*WORK INSTRUCTIONS:* Return the data exactly, apart from leaving out the pictures.

*** Opening DATA PROVIDED ***

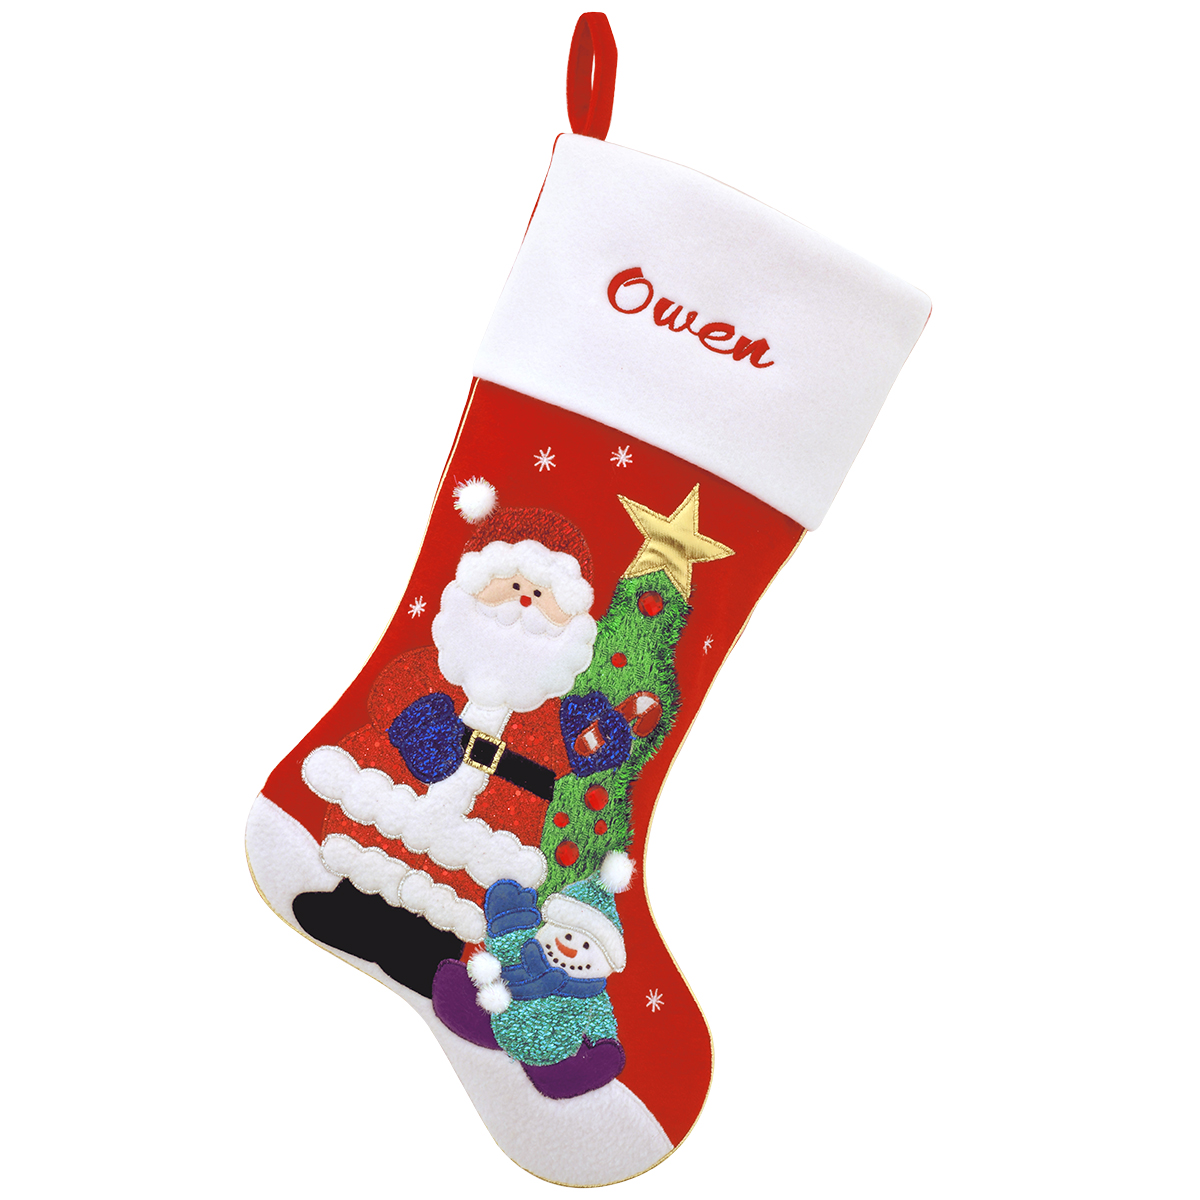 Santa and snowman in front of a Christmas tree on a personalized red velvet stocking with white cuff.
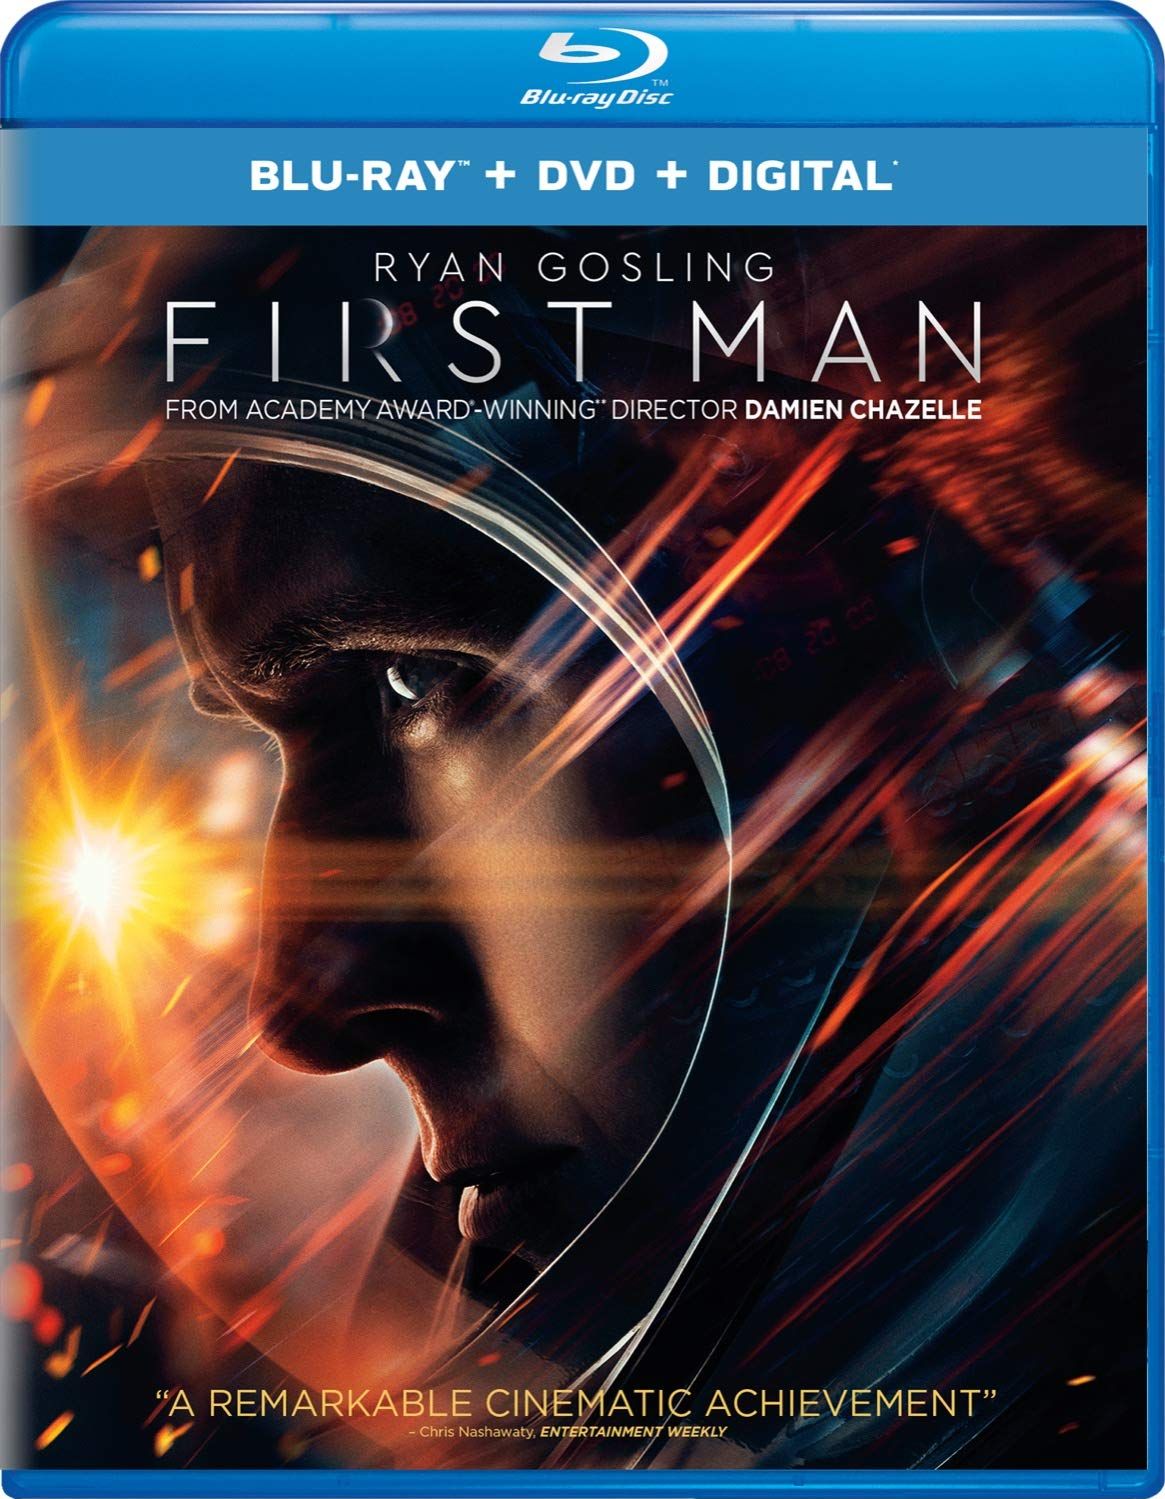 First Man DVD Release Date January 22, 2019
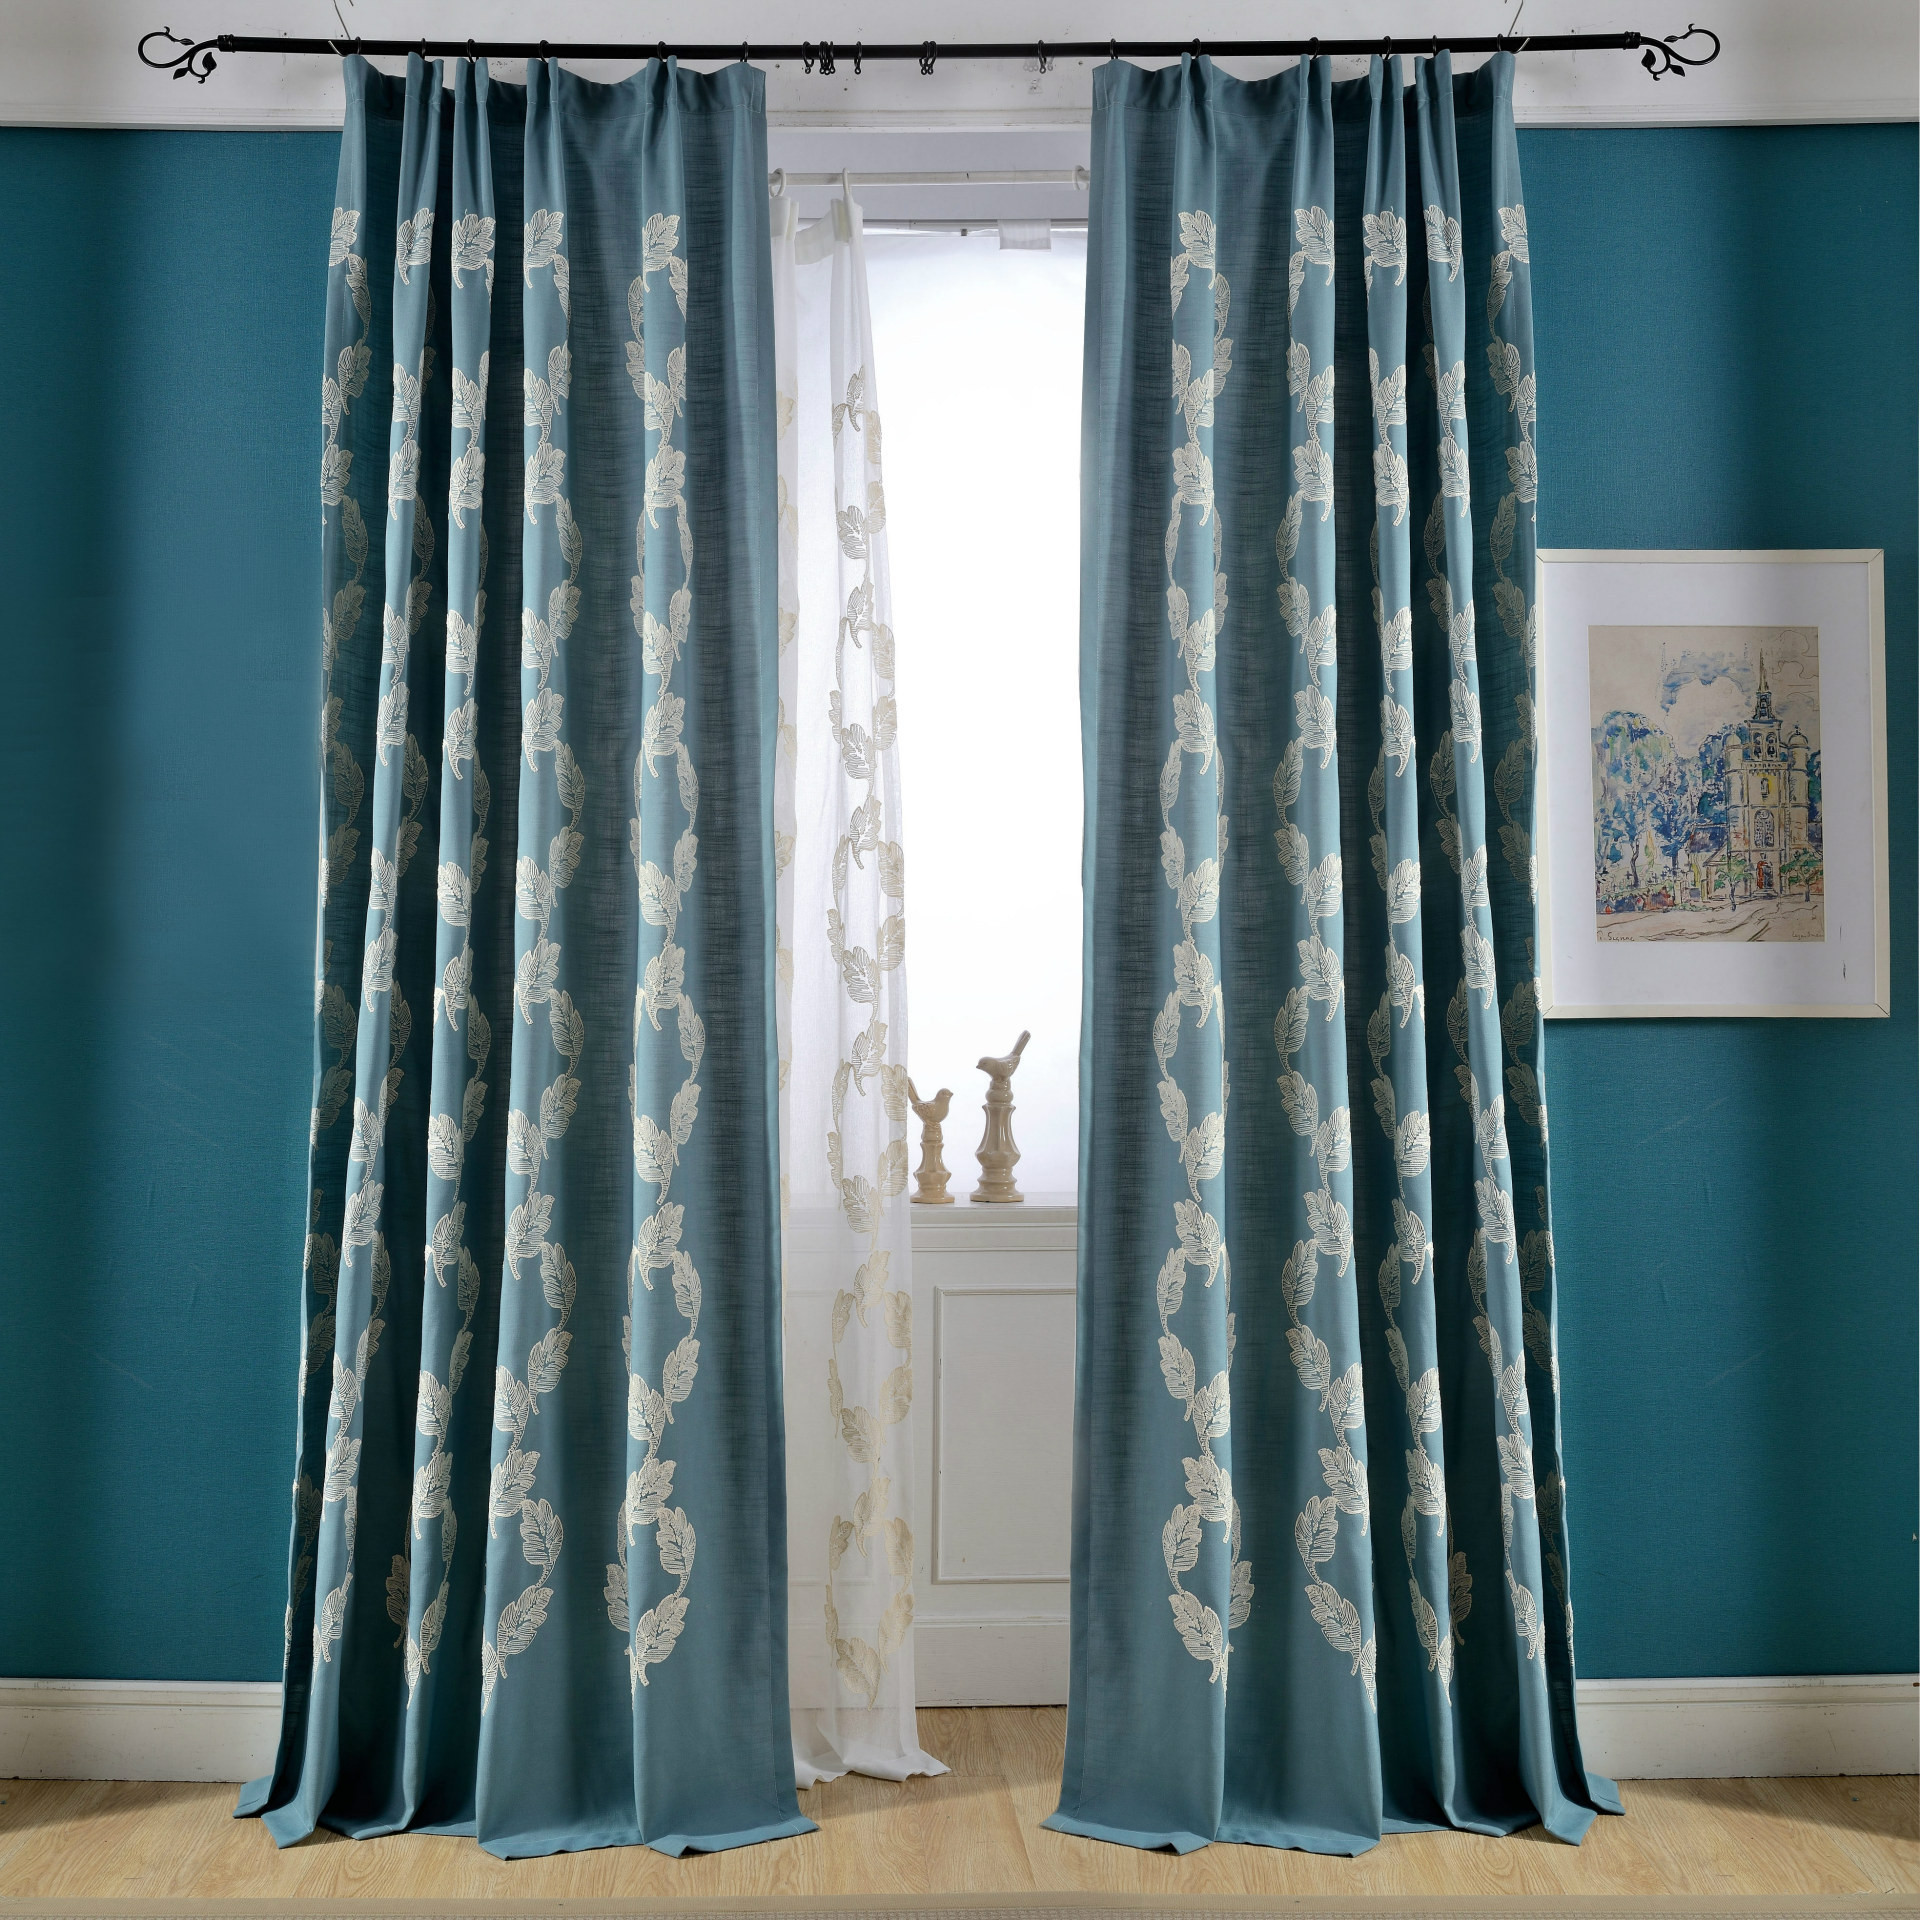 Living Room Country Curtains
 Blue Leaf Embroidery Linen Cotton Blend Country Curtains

*** Closing DATA PROVIDED ***

*YOUR SOLUTION:*
 Santa and snowman in front of a Christmas tree on a personalized red velvet stocking with white cuff.
 First Man DVD Release Date January 22, 2019
 Living Room Country Curtains
 Blue Leaf Embroidery Linen Cotton Blend Country Curtains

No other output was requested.